Na czwarty set gdańszczanie wyszli z nadzieją urwania choć punktu utytułowanym rywalom, co udało im się w ostatnim meczu rozgrywanym w Częstochowie. Początek tej części gry należał jednak do gości z południa Polski, którzy po asie serwisowym Smilena Mlyakowa prowadzili już 6:3, a na pierwszą przerwę wyszli prowadząc 8:4. Po kolejnych błędach podopiecznych Wojciecha Kaszy, wywiezienie kompletu punktów z Gdańska przez AZS wydawało się coraz bardziej realne. Gdańszczanie jednak szybko zminimalizowali przewagę gości do dwóch punktów i odżyły nadzieje gospodarzy na korzystny rezultat. Najaktywniejszym zawodnikiem środkowej części seta był Bruno Zanuto, który znakomicie wykończył dwa ataki, a następnie miał asa serwisowego! Kolejny punkt zdobył Dariusz Szulik, doprowadzając do remisu 15:15. Kolejna piłka, to następny as Zanuto i gdańszczanie wyszli na drugą przerwę techniczną prowadząc 16:15.

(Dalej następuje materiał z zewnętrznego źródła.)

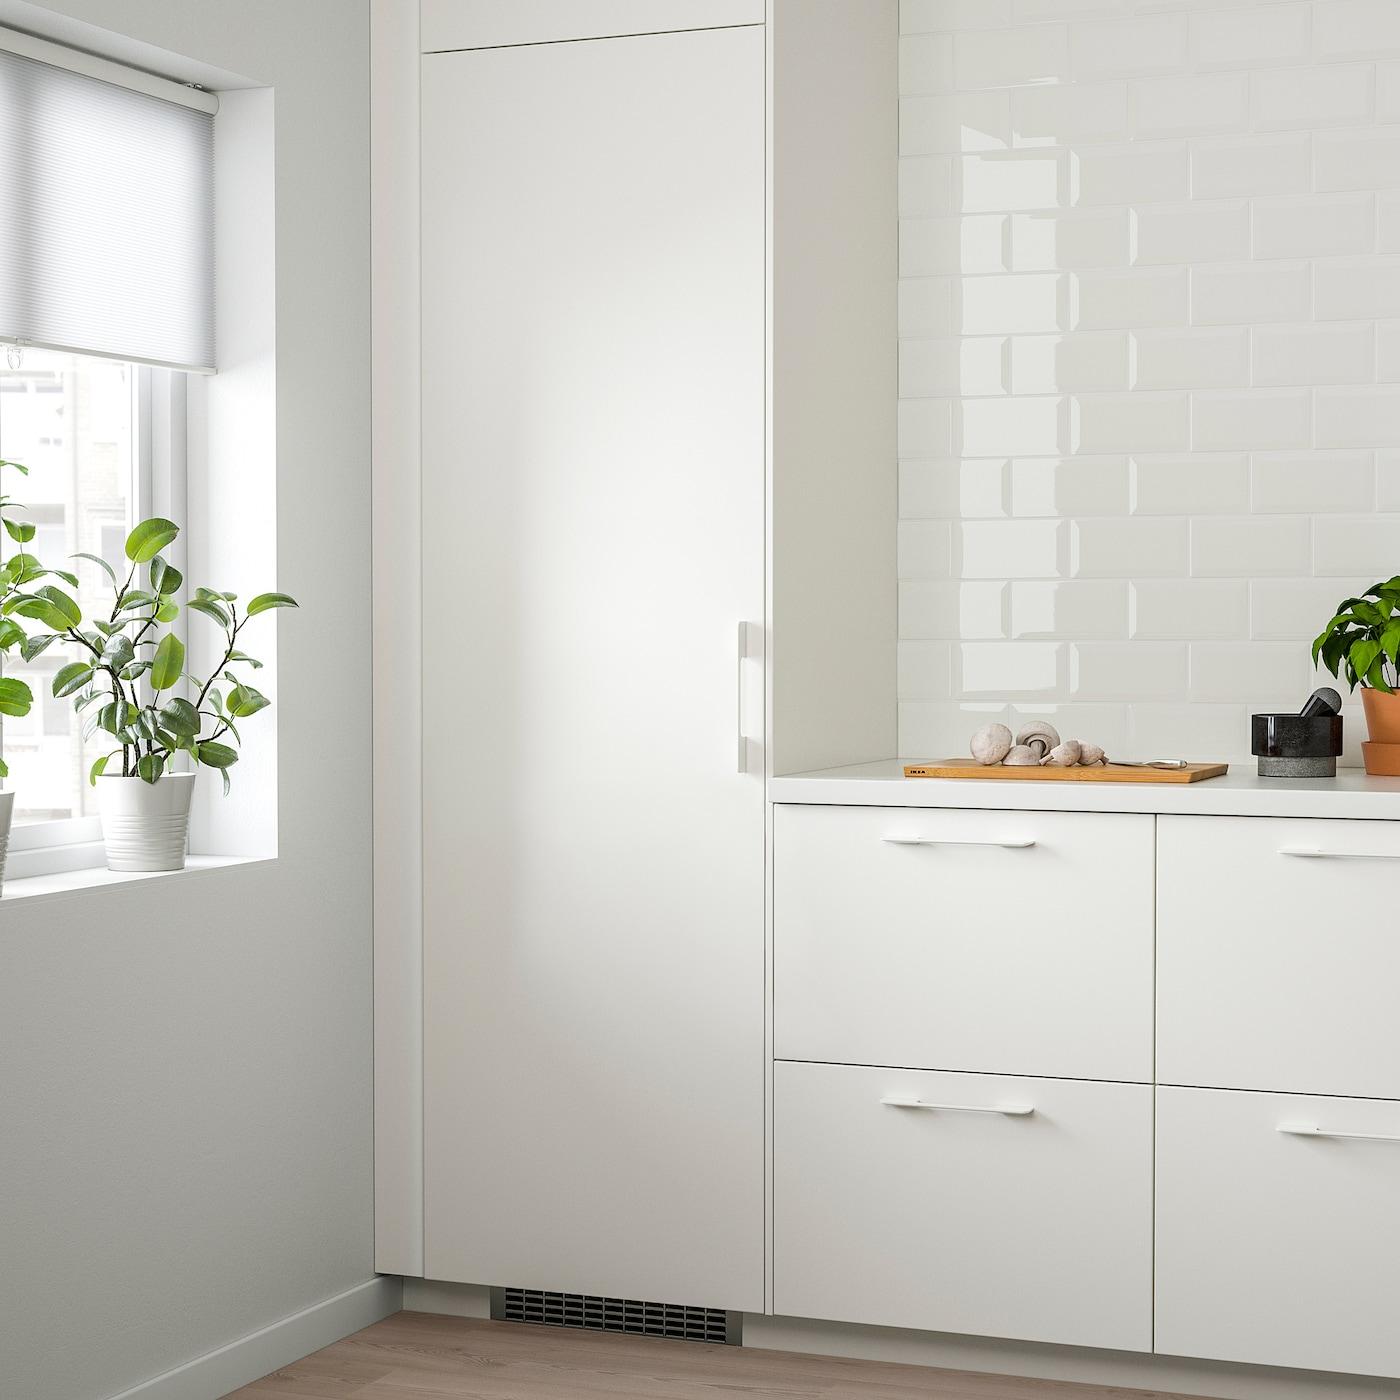 Dimension Frigo Encastrable Ikea frostig réfrigérateur encastrable a++ - blanc 314 l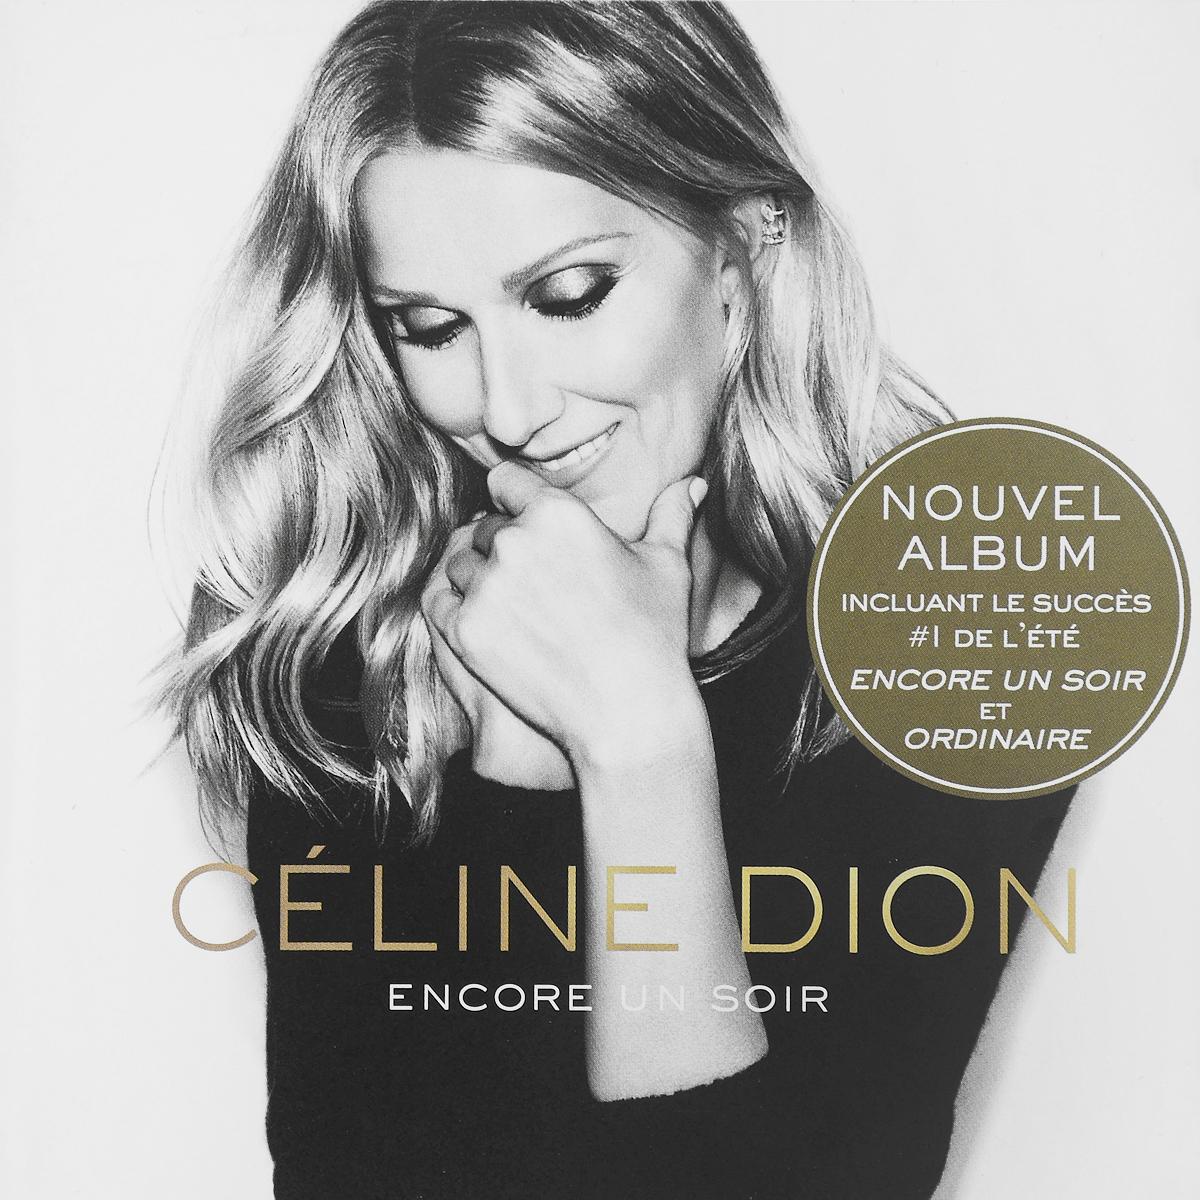 Издание содержит 28-страничный буклет с фотографиями и текстами песен на французском языке.

Szybko jednak ta passa beniaminka została przerwana, gdyż najpierw siatkarze Trefla popełnili błąd, a następnie Piotr Nowakowski posłał piłkę na as serwisowy. Częstochowianie osiągnęli dwupunktową przewagę, która po chwili stopniała, ponieważ Zbigniew Bartman popełnił kolejny błąd w zagrywce, a inny siatkarz drużyny przyjezdnej dotknął siatki. Po ataku Jarosława Stancelewskiego był remis 21:21 i zapowiadała się emocjonująca końcówka. Po zdobyciu punktu były reprezentant Polski posłał kolejną piłkę wprost w Bartmana, który jej nie opanował, po czym przy stanie 22:21 dla Trefla trener Panas wziął czas. Szybko zrehabilitował się Bartman, który zdobył ważny punkt na 23:22 atakiem z połowy boiska. Końcówka spotkania należała do gości, którzy dowma udanymi atakami zakończyli mecz. - Udało nam się wygrać i bardzo się z tego cieszymy, bo Trefl momentami pokazał dobrą siatkówkę, chociażby powrót Brazylijczyka pomógł im w dobrej grze, bo mieli duże problemy w sezonie. Dziś pokazali, że mimo przegranej naprawdę potrafią grać w siatkówkę. Musieliśmy się porządnie pomęczyć, aby wygrać - ocenił po meczu Paweł Zatorski, libero drużyny częstochowskiej.